Ümit KARDAŞ
Anlaşılan anayasa yapma sürecinde merkezden bölgelere yetki devri, iktidarın hukukla dengelenmesi ve denetlenmesi, bürokratik kurumların şeffaflığı ve hesap verebilirliği, anadiliyle yaşamak, siyasetin finansmanı gibi çoklu, katılımcı, özgürlükçü, meşru hukuka bağlı bir demokrasinin nasıl inşa edileceğini tartışacağımıza, başkanlık sistemi üzerinden anayasa tartışması yapacağız.
Türk tipi Başkanlık sisteminde kuşkusuz yetkiler aynen merkezde kalacak. Bürokratik kurumlar inanılmaz yetkilerle, kapalı, hukukla denetlenemez bir şekilde başkana bağlı olacak. Başkanlık sisteminde önemli bir yer tutan ikinci meclis olmayacak. Şu anki durumu itibarıyla dahi iktidarın baskısı altına girmiş olan yargı başkana bağlı olup, yürütmeyi denetleyemeyecek. Kolonyal, koyu bir idari vesayet yapılanması, hukuku ayak bağı görme zihniyetiyle donanmış, denetlenemez kapalı bürokratik kurumlar devam edecek ama hakim-i mutlak bir başkanımız olacak.

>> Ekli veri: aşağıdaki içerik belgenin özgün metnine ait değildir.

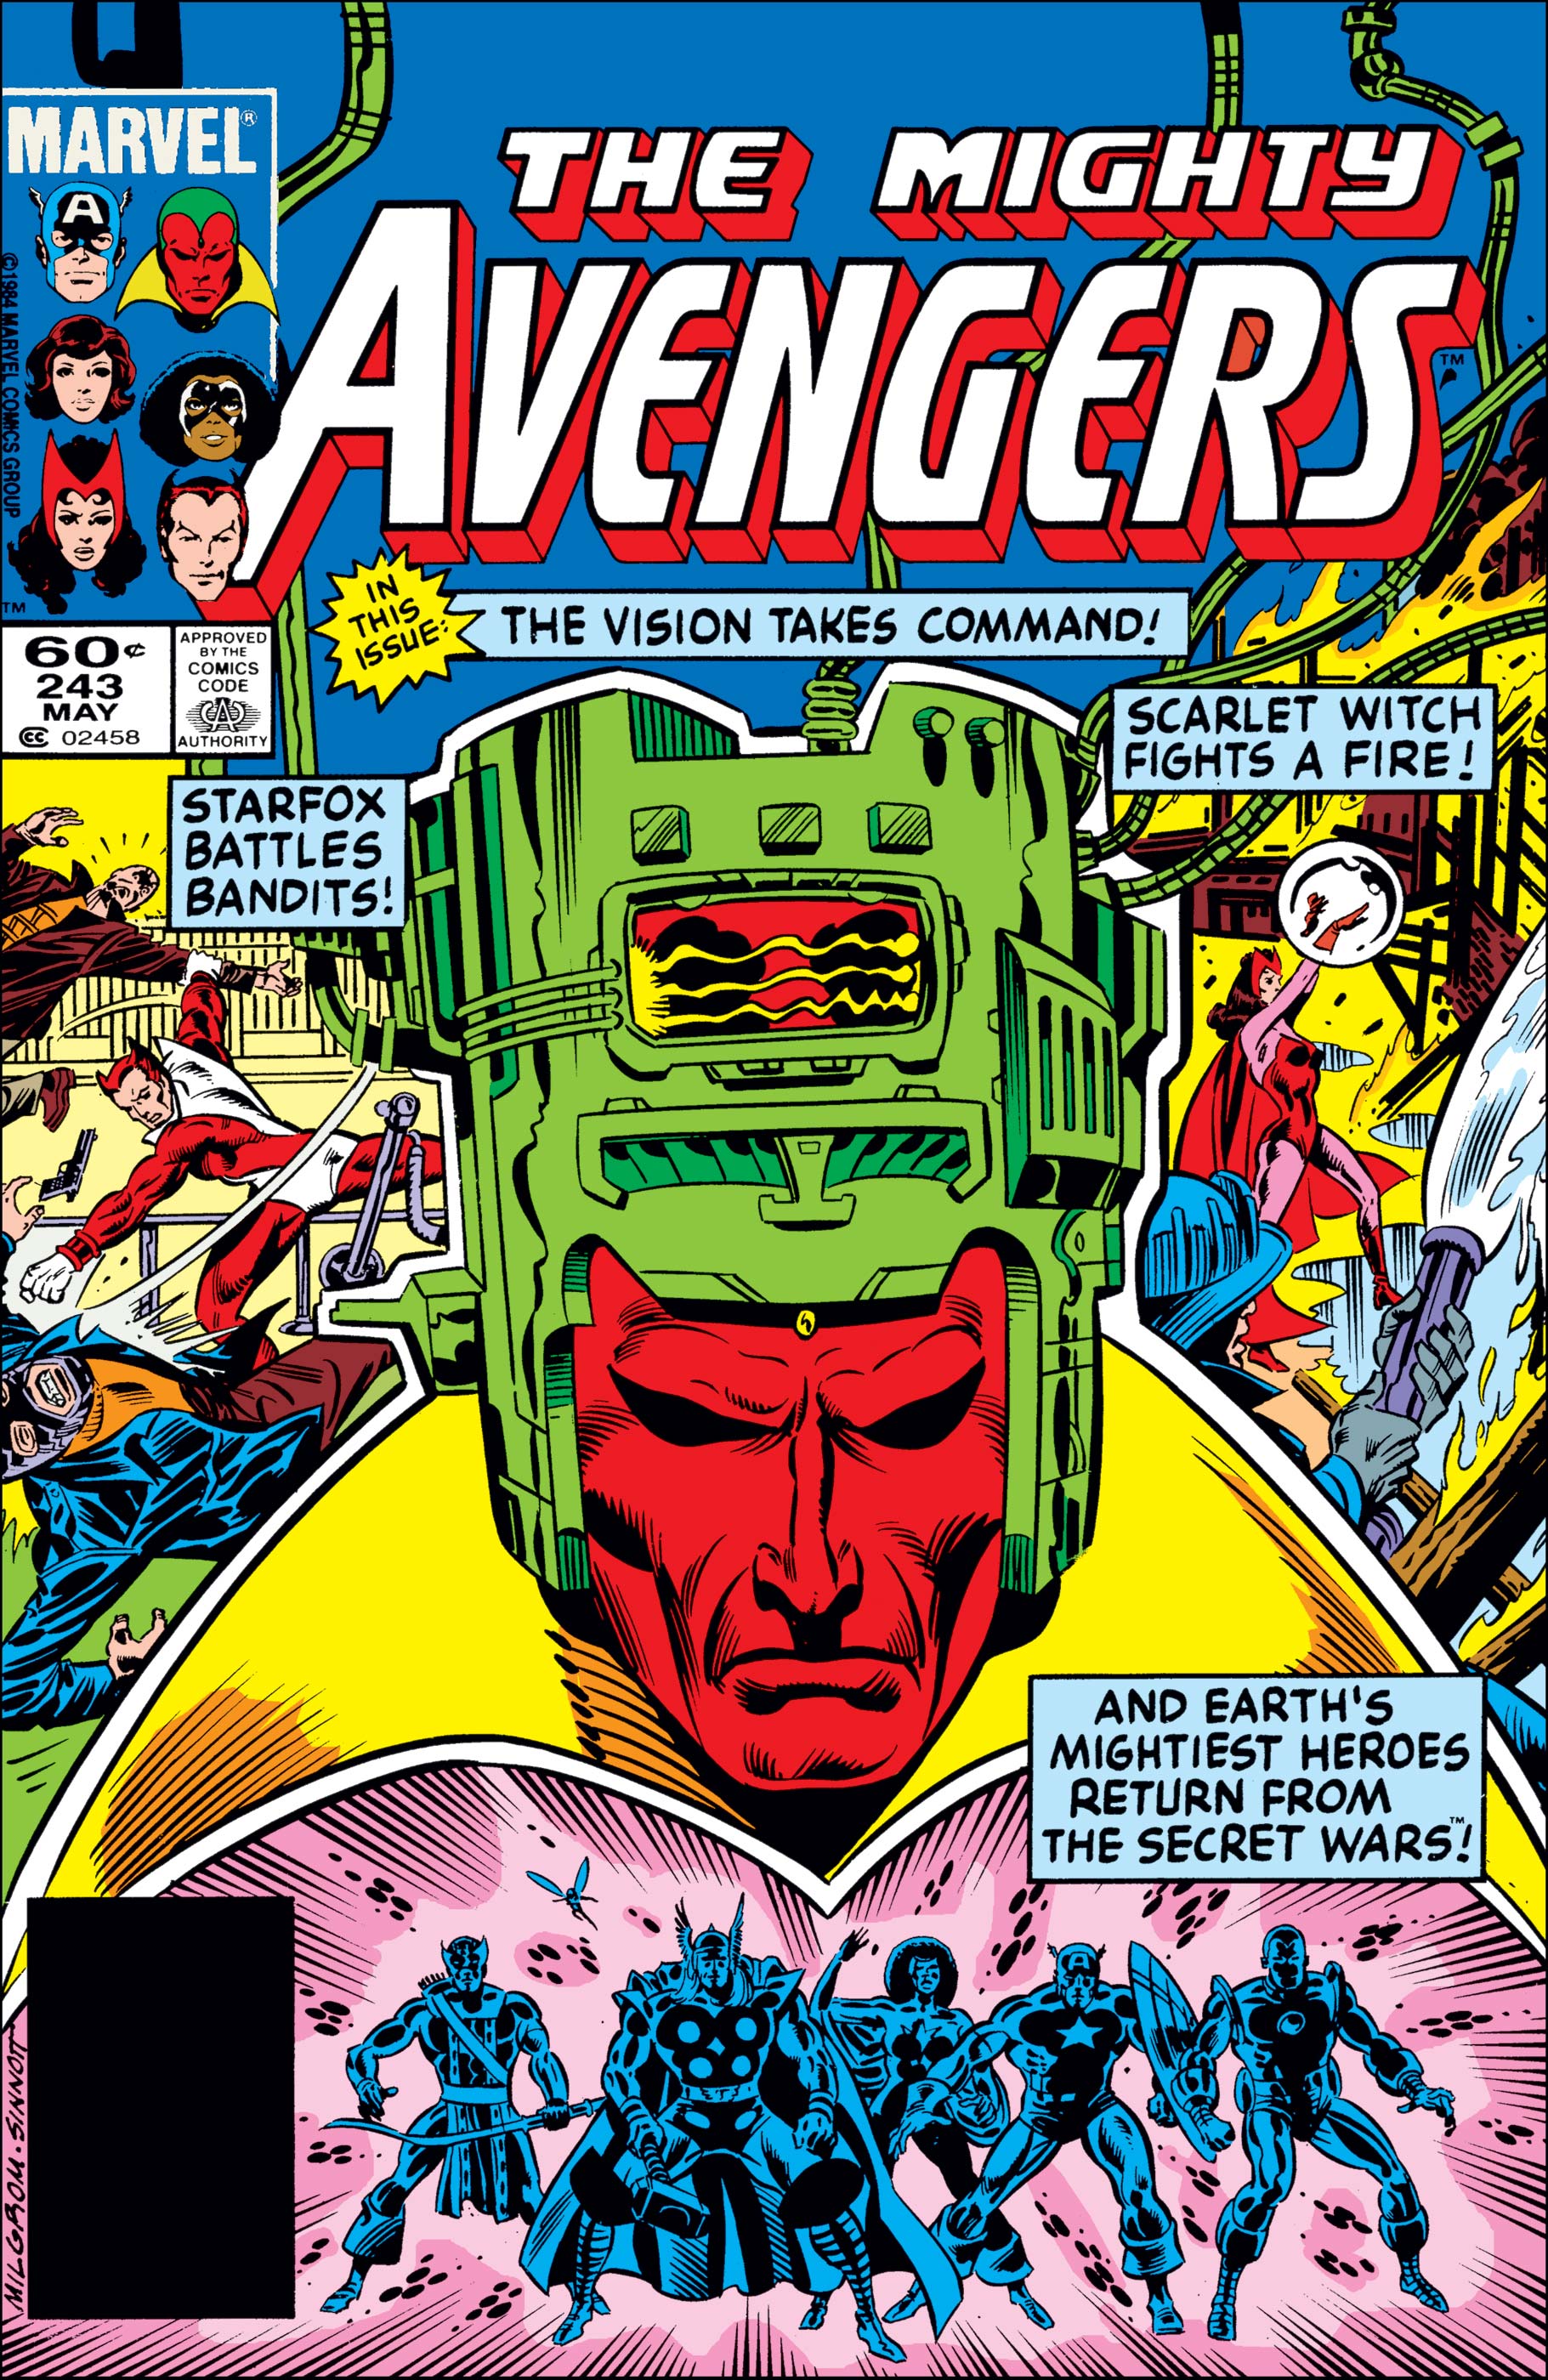 Avengers (1963) #243

Türk tipi başkanlık hayali böyle de ABD'de nasıl? 1777'de “ABD Konfederasyonu” kuruldu. 17 Eylül 1787'de de kuzey ve güney devletleri arasındaki anlaşmazlıklar uzlaşmayla sonuçlandırılarak bu sefer yeni bir üst anayasayla federal devlet inşa edildi. Böylece toplum üzerinde iki iktidar oluştu. Biri “federal” ya da “ulusal devlet” olarak tanımlanan devlet iktidarı, diğeri “federe” ya da “üye devlet” denilen devletin iktidarı. Federal devletin yasama, yürütme ve yargı organları olduğu gibi federe devletlerde de aynı organlar öngörüldü.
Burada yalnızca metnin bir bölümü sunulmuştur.